I really liked 'SpaceTrucker's suggestion, that sometimes problems are solved by moving the abstraction to a different level :)

But if your original design makes more sense (which only you can tell, based on your feel of the spec) - then IMHO one can either: 1) Keep your approach of "loading everything into StrategyParameter" 2) Or move this responsibility to the Strategy

For option (2), I assume there's some common entity (account? customer?) from which one can deduce the department/country. Then you have "CountryClerkResolver.resolveClerk(String accountId)" which would look up the country.

IMHO both (1),(2) are legitimate, depending on context. Sometimes (1) works for me, because all params (department+country) are cheap to pre-load. Sometimes I even manage to replace the synthetic 'StrategyParameter' with a business-intuitive entity (e.g. Account). Sometimes (2) works better for me, e.g. if 'department' and 'country' required separate and expensive lookups. It becomes especially noticed with complex params - e.g. if a strategy selects clerks based on their scores in 'customer satisfaction' reviews, that's a complex structure which shouldn't be loaded for simpler strategies.

Answer 4

Let us start by assuming that your code is based on a simple if-else-if blocks.

In such a scenario, you will still need to have all the required inputs upfront.
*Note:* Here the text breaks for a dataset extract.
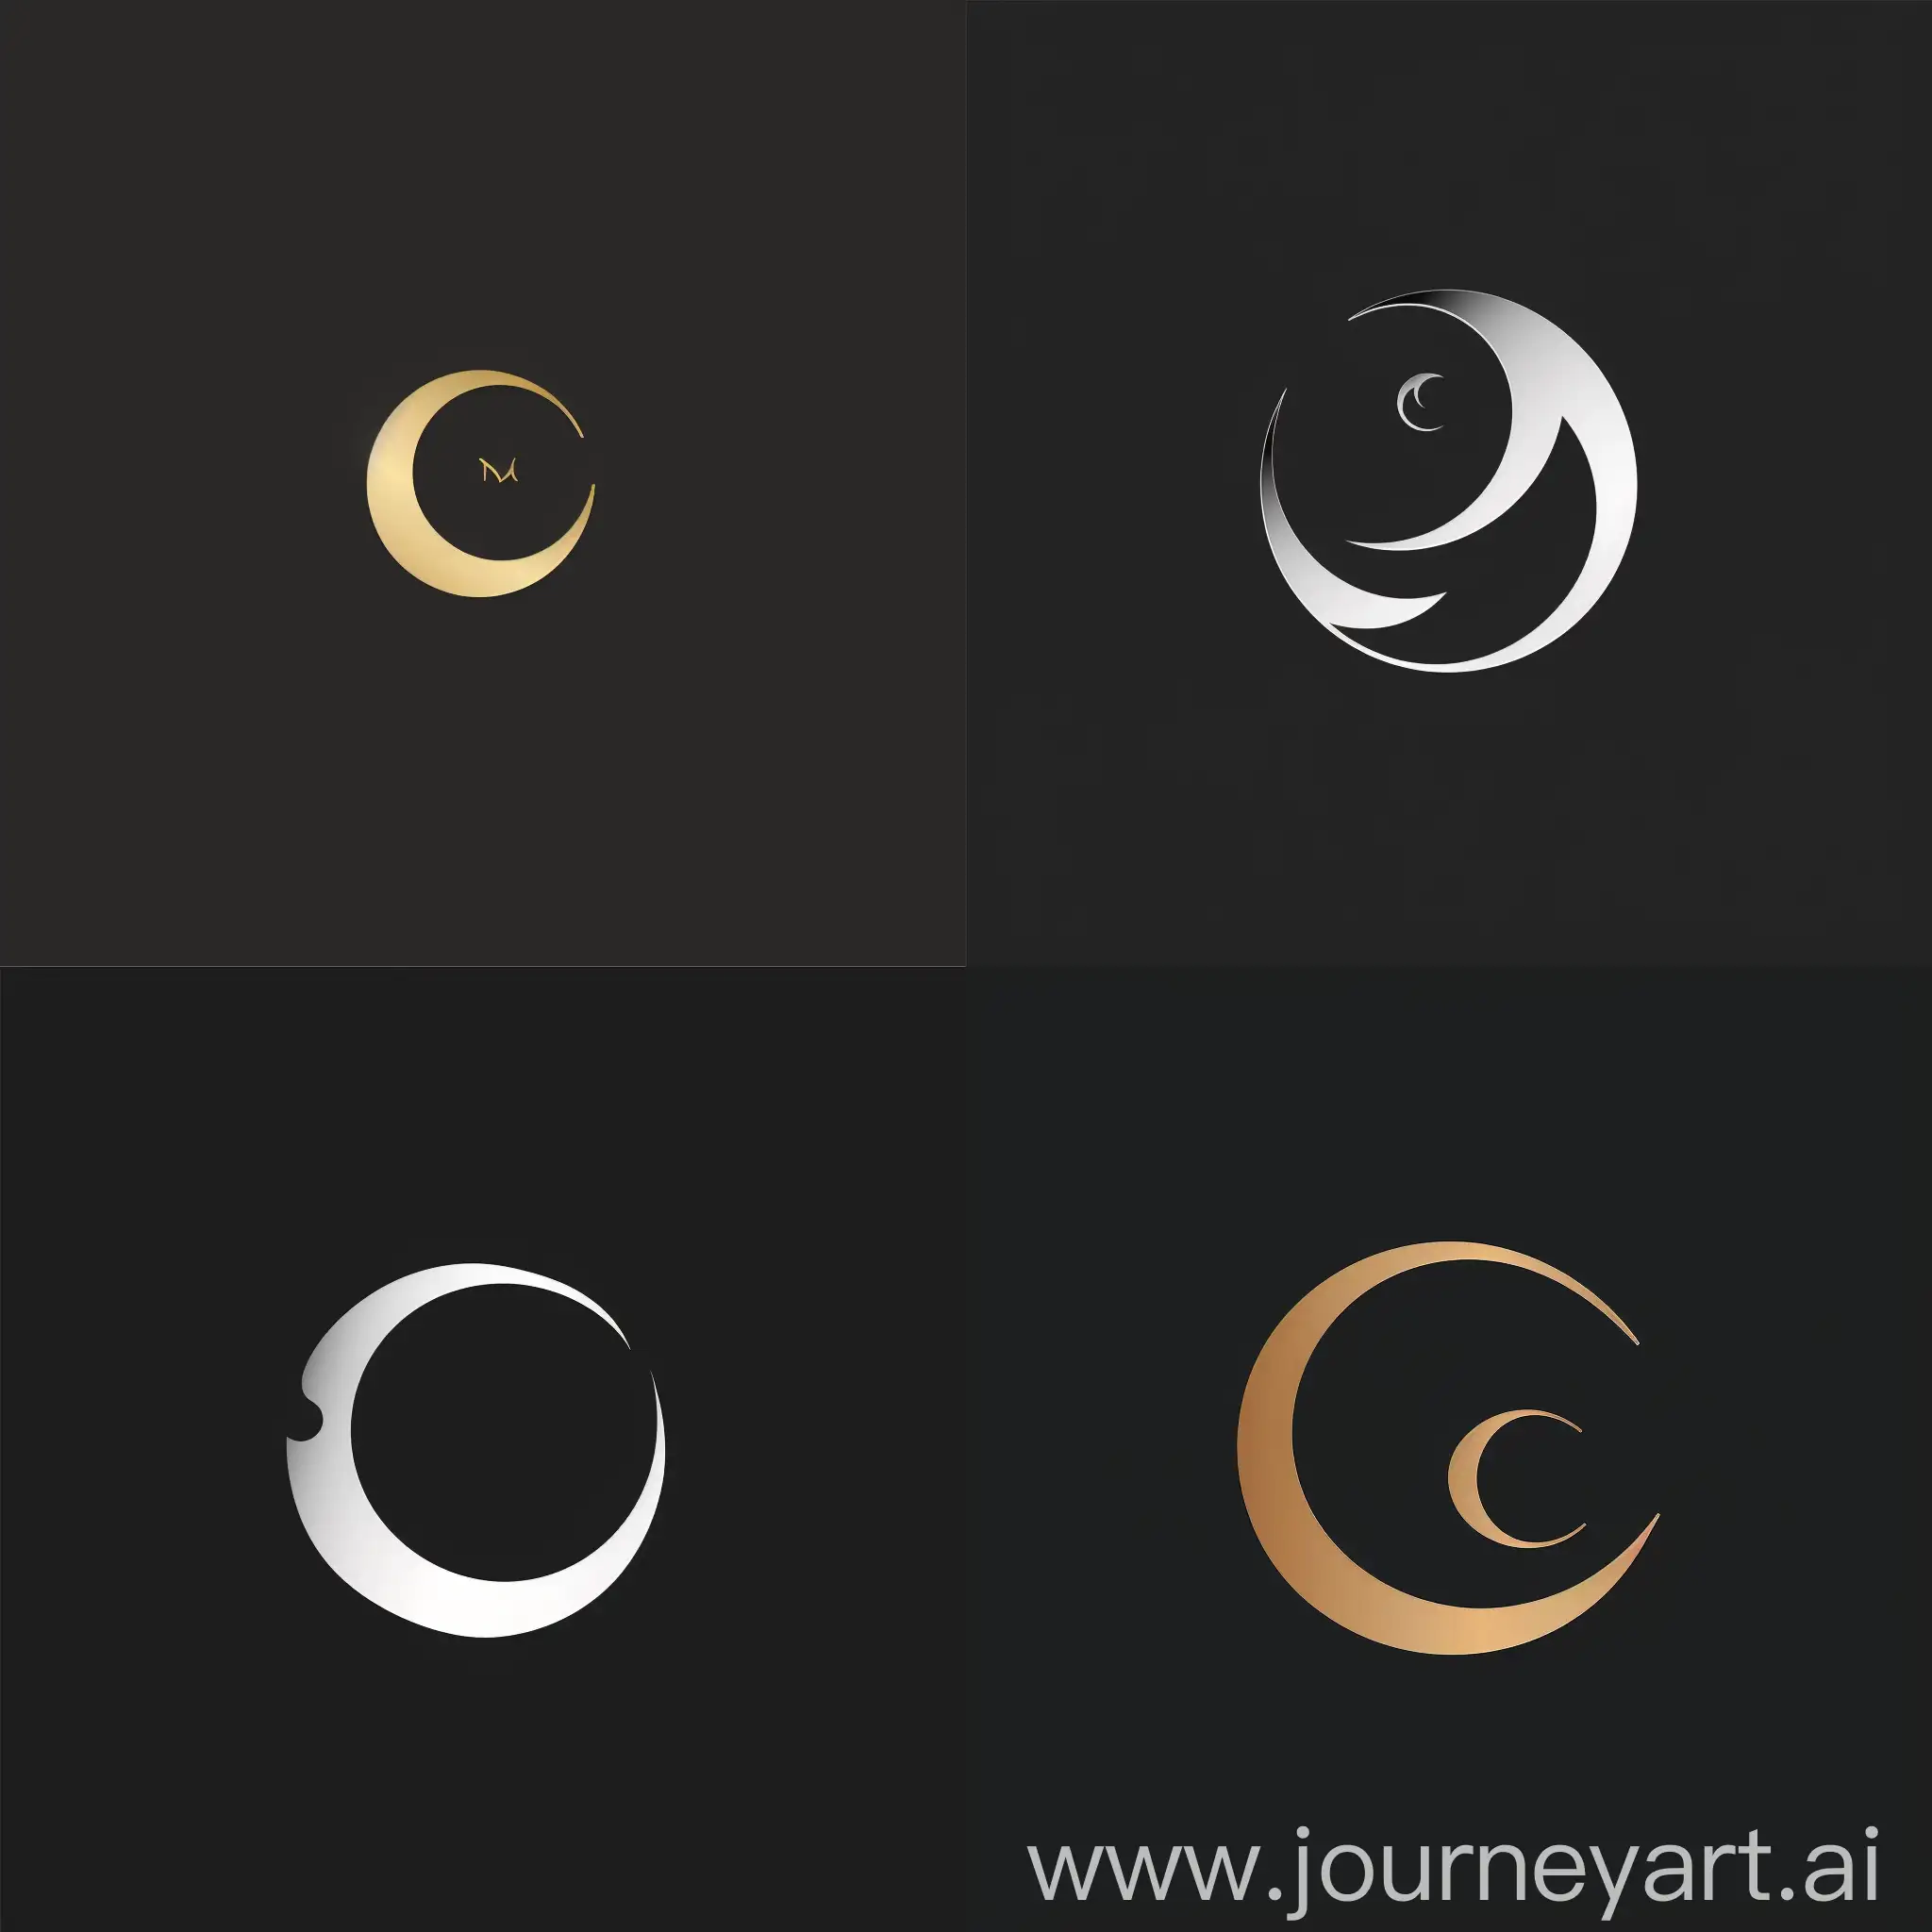 Create a company logo. For MICHAN. Clean style. Replace C with crescent

There is no getting around it.

By using the strategy pattern, you start decoupling your code - i.e., you define the base interface and concrete implementation.

Just having this design isn't good enough, because you still need to have an if-else-if block.

At this point, you can look at the following design changes:

1. Use a factory pattern to load all the available strategies from this system. This could be based on meta information, like the Service Loader pattern that is available in the JDK.

2. Identify a strategy by which you can query the available implementations to find out if they can handle the given input set of parameters. This can be as simple as canYouResolve(input) != null. By doing this we change from an if-else-if block to an for-each loop.

3. In your case, you have a Default Implementation as well. So, let us say that the default implementation is part of your module and the other strategies are coming in from the other jars (that get loaded via the ServiceLoader from point 1).

4. When your code kicks-in, you first look for all available strategies; ask them if they can handle the current scenario; if none of them can handle it, then use the default implementation.

If for some reason, you have more than one resolver being able to handle a particular input, you should consider defining a priority for those resolvers.

Now, coming to the input parameters, can these parameters be derived from some input object? If so, then why not send that input object itself to the resolver.

Note: This is very similar to how the JavaEE ELResolver works - In that case, the code marks the EL as resolved, thereby informing the root class that resolution is complete.

Note: If you think the service loader is too heavy, then look at searching for all META-INF/some-file-that-you-like to identify the resolvers that are available in the system.

From my own experience, most of the times, you end up writing code that mixes patterns to achieve the use case at hand.

Hope this helps your scenario.

Answer 5

Since Java is statically typed, one good way of simulating dynamic objects is by using a Map. I would do this for passing dynamic parameters to my resolvers:

class StrategyParameter extends Map {} 
// Map could be used directly, but this make the code more readable

Then, my strategy pattern becomes: interface ClerkResolver { String resolveClerk(StrategyParameter strategyParameter); }

class DefaultClerkResolver implements ClerkResolver {

    public String resolveClerk(StrategyParameter strategyParameter) {
        // strategyParameter.get("department");
    }
}

class CountryClerkResolver implements ClerkResolver {

    public String resolveClerk(StrategyParameter strategyParameter) {
        // strategyParameter.get("country");
    }

}